The solution requires only the camera heads to be deployed at the remote location reducing the bandwidth by 90%. Using this workflow, the production team can manage everything from camera matching, colouring and shading through to editing and graphics from a home base and establish a true centralised production.

Confidence guarantee

All of this is underpinned by Net Insight Nimbra 600. “Nimbra is a very robust piece of equipment that enables us to send diverse feeds with confidence,” says Rees. “We can simulate any distance within the kit without actually running signals down lengths of cable. We can verify whether signals handshake or not. Does a sound desk surface or vision mixer or KVM work over tens or hundreds of kilometres away? We can test all this ahead of time.”

This proof of concept led the BBC to greenlight remote production of the FA Cup Final in which all feeds were controlled from Wembley at Arena.

“Telling a client that you’re using the Nimbra to remote their production is one thing, showing them its performance is another,” says Love. “We simulated the distance between Redhill and the stadium using the Nimbra so we were thoroughly confident it would run the real distance.

He continues: “Another advantage of the Nimbra is for venues that don’t necessarily have point-to-point connectivity. You could, for example, send a second link over the public internet. It’s not something a client necessarily wants to do yet because they are used to having dedicated connections, but we are bringing the option online because we believe this dramatically opens up opportunities for live production. Ultimately, we want to do it down a 1Gb pipe with back-up over 5G. Nimbra can take us down that journey.”

CoreTX and the future of live event production

The CoreTX technology is set up to handle everything from small six-camera OB vans up to 60-camera full-scale OB operations. It’s also capable of supporting decentralised production worldwide.

“CoreTX is highly scalable both as a production centre and with location-based elements,” explains Love. “Whether that is augmenting client facilities through the addition of our cloud services, or by working with fellow independent studios looking to enhance their capability for a particular project.
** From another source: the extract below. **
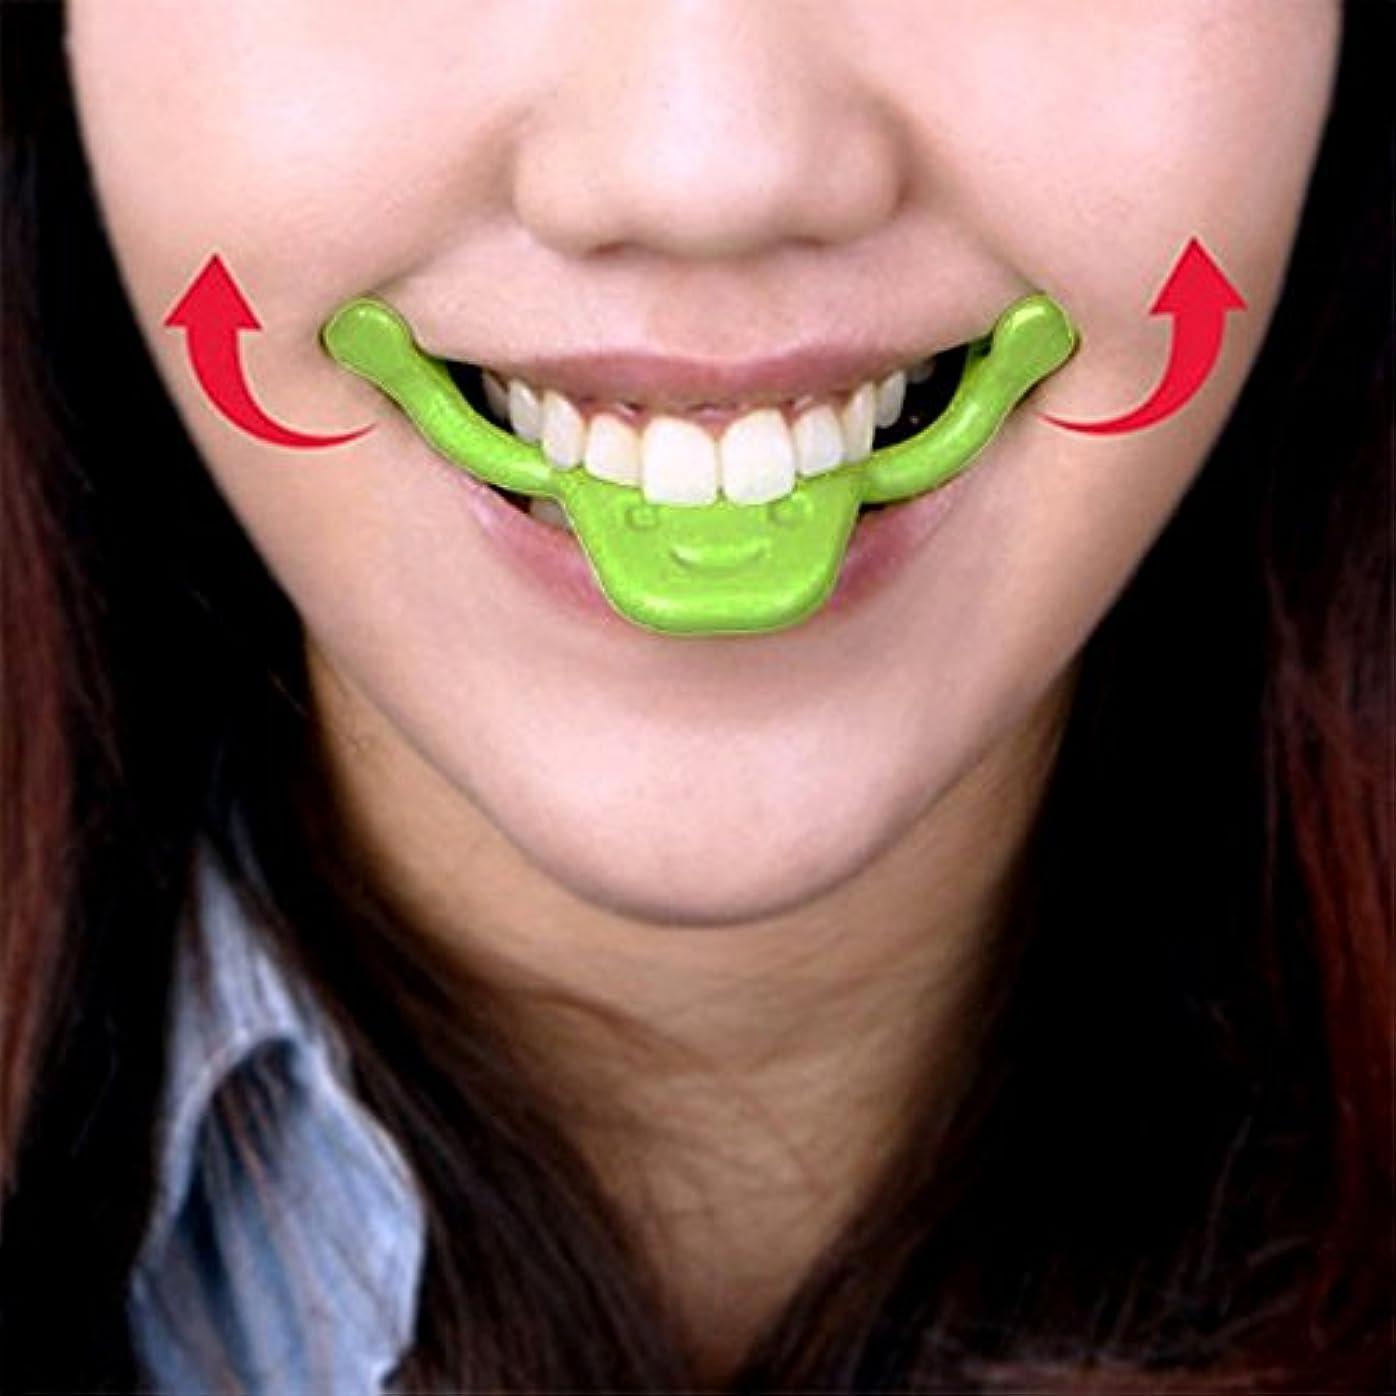 取り除く液体等しい表情筋 トレーニング 小顔 ストレッチ ほうれい線 二重 あご 消す 口角を上げるグッズ 美顔 顔痩せ リフトアップ マウスピース フェイシャルフィットネス (タイプ2)
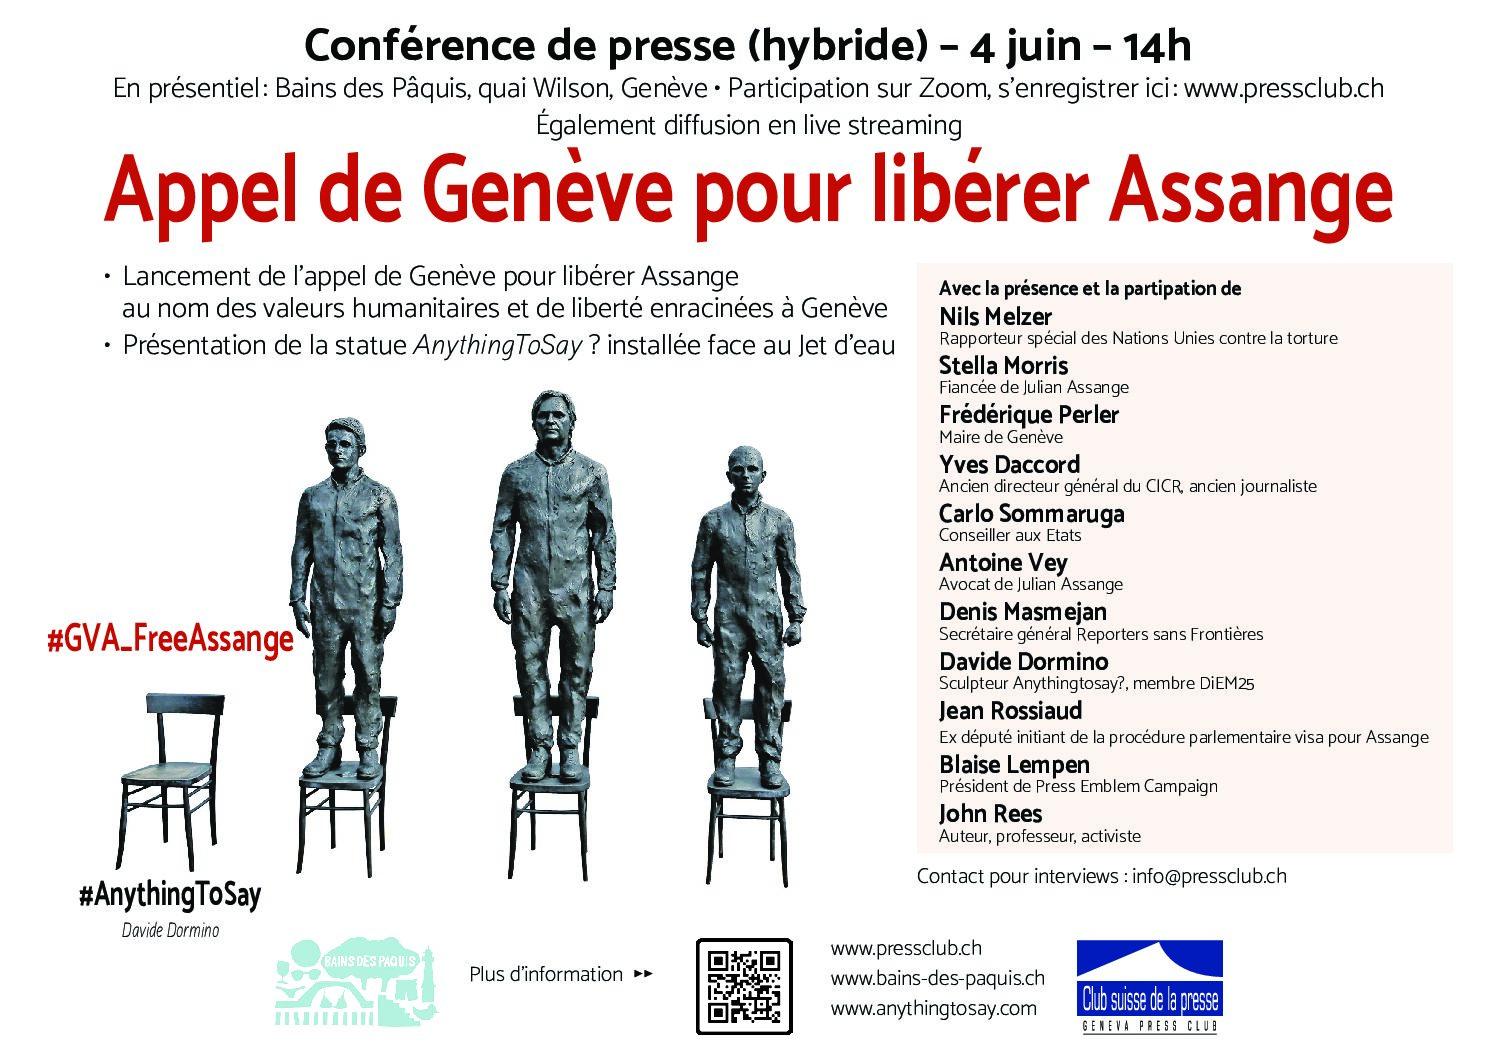 RSF s'associe à l'«Appel de Genève pour libérer Assange» lancé ce vendredi

We can use any resource in the cloud or in trucks on the road and studios located anywhere and draw it all together. There’s no reason someone can’t fire up a studio in Australia and have a production team in London.”

There’s now a real push to make sure everyone within the supply chain is focused on meeting sustainability targets. CoreTX is Arena’s solution for this.

“The key with CoreTX is that any part or all of the OB truck can be remote if you want it to be. There is so much you can do,” Love concludes.